▶ _WORK ITEM_:
The result should be the full listing copied exactly, with no pictures in it.

▶ _PROVIDED DATA_:

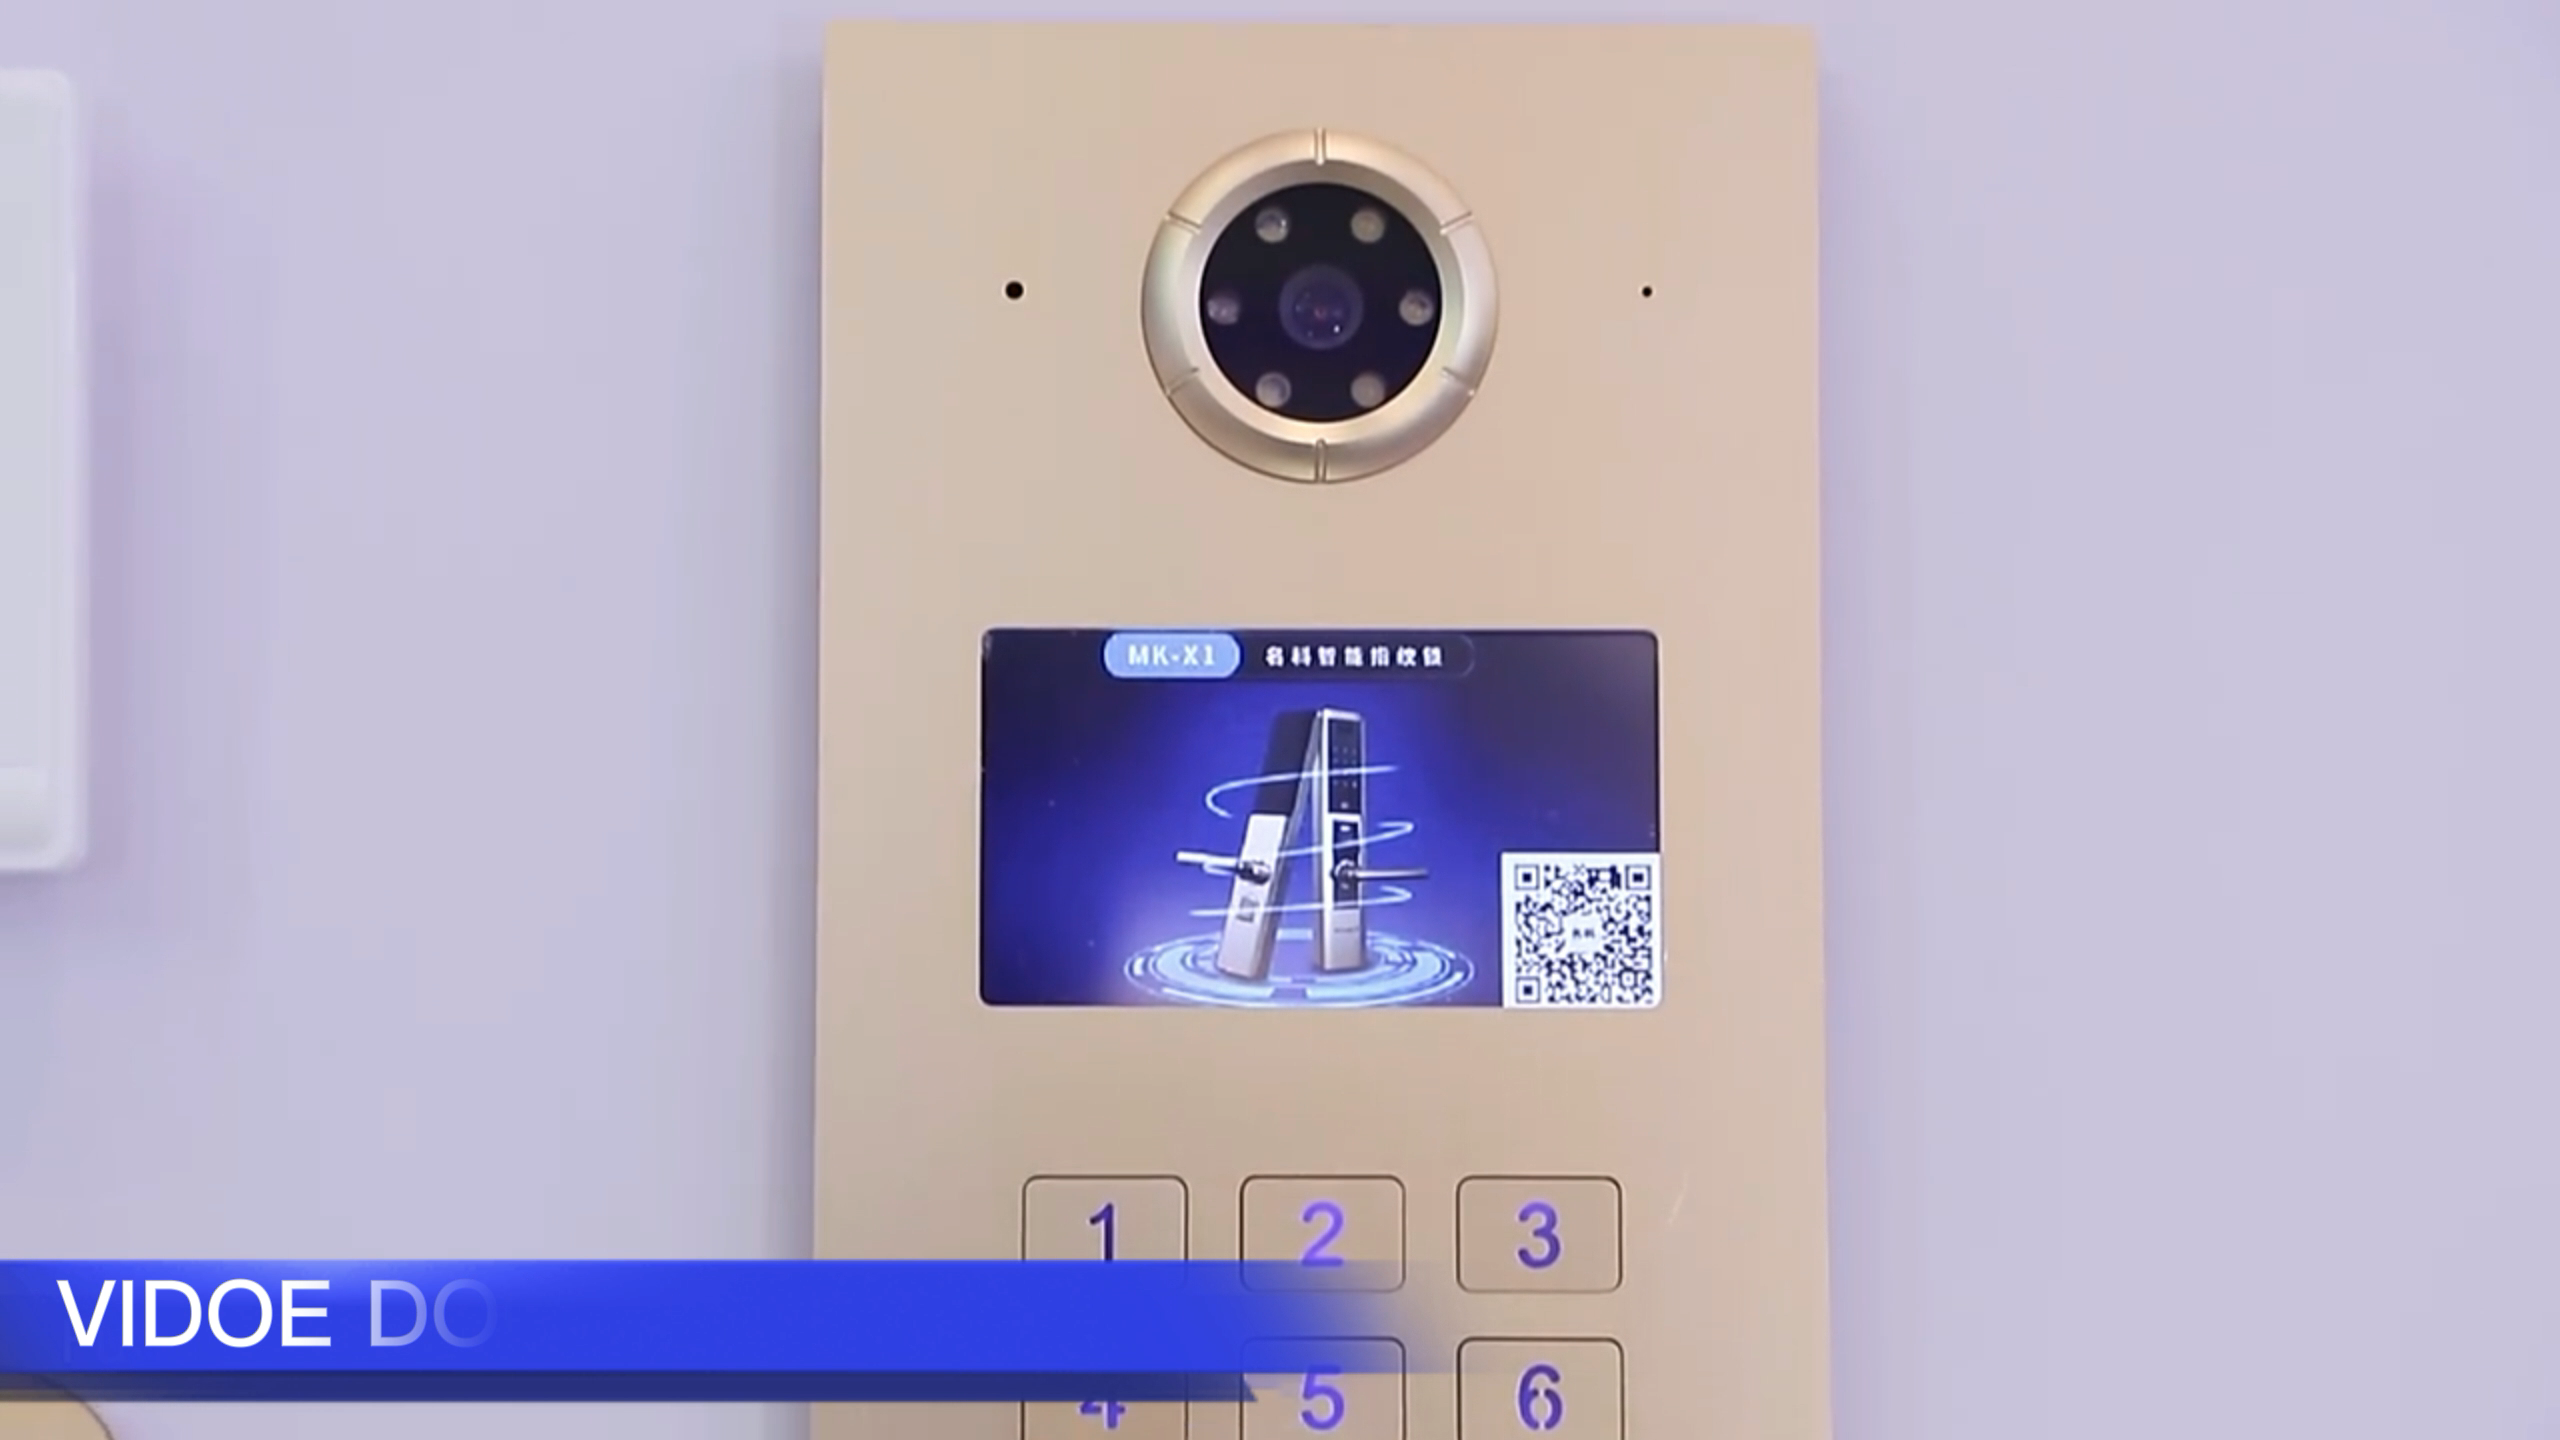 IP-Video-Intercom-System für Mehrfach-Apartments-Apartments Türklingel Hochauflösende Bildschirm Visuelle Türklingel1
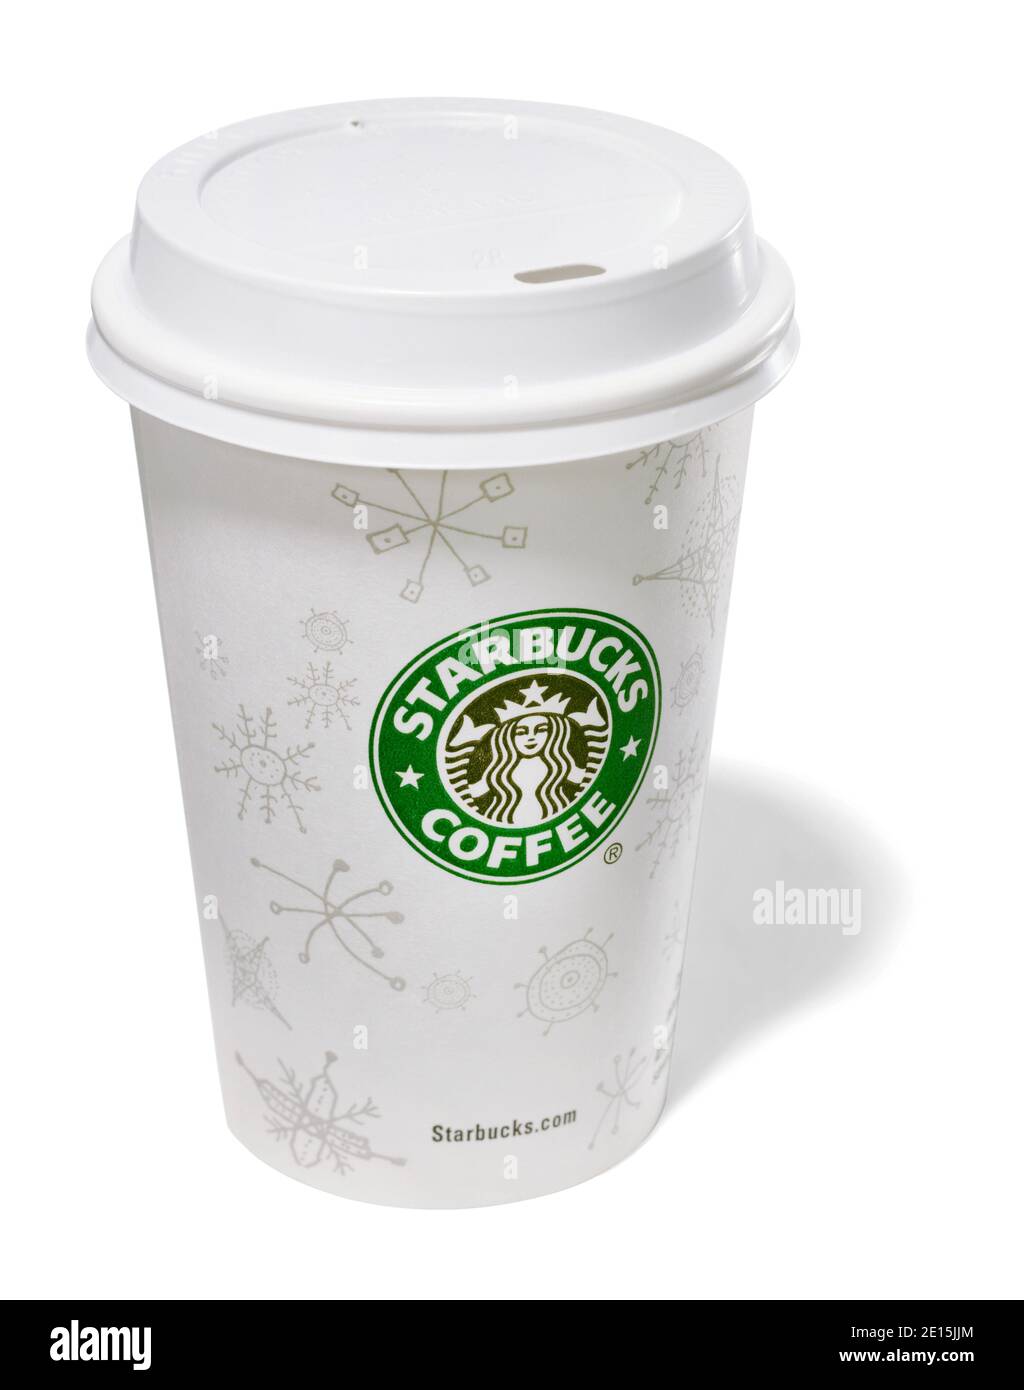 Tazza da caffè Starbucks bianca per le festività con coperchio fotografato  su un sfondo bianco Foto stock - Alamy
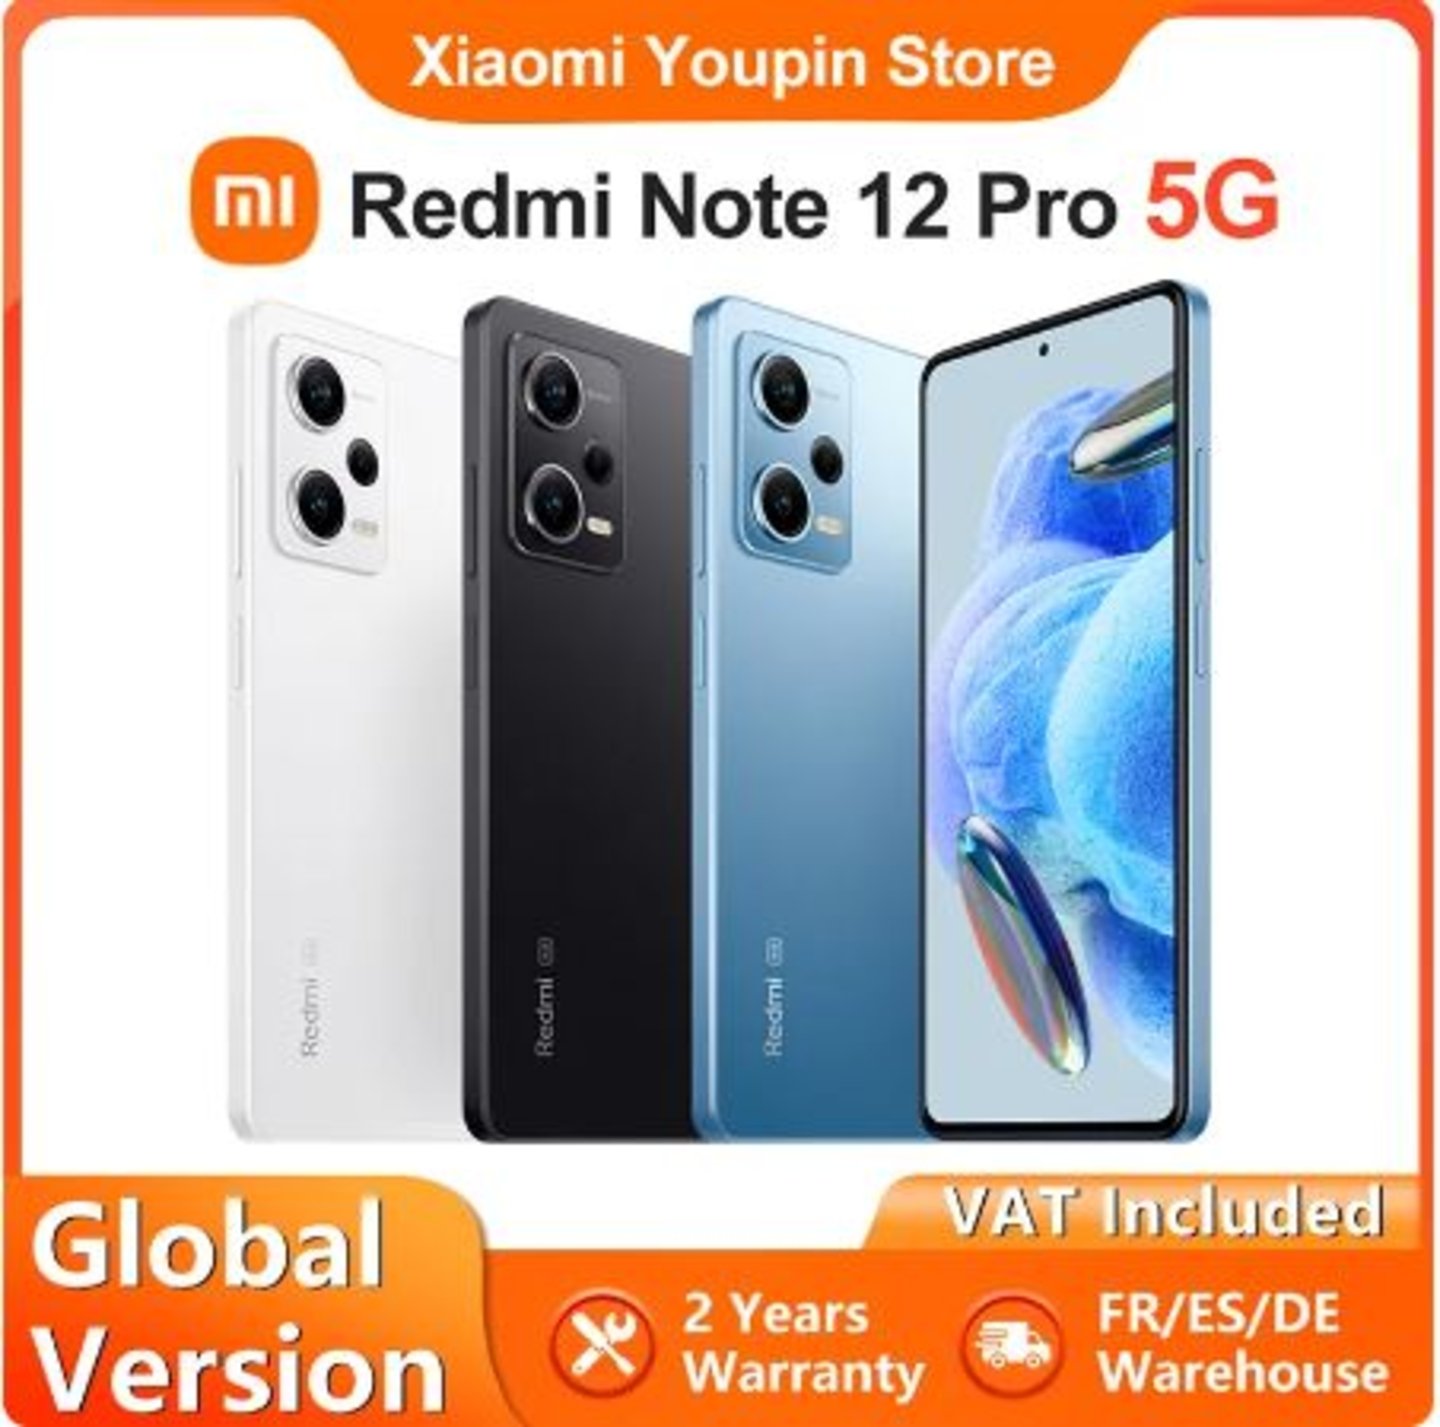 100 euros de rebaja para el nuevo Redmi Note 13 Pro 5G de Xiaomi

▶ _RESULT OF THE EXERCISE_:
 IP-Video-Intercom-System für Mehrfach-Apartments-Apartments Türklingel Hochauflösende Bildschirm Visuelle Türklingel1
 Tazza da caffè Starbucks bianca per le festività con coperchio fotografato  su un sfondo bianco Foto stock - Alamy
 100 euros de rebaja para el nuevo Redmi Note 13 Pro 5G de Xiaomi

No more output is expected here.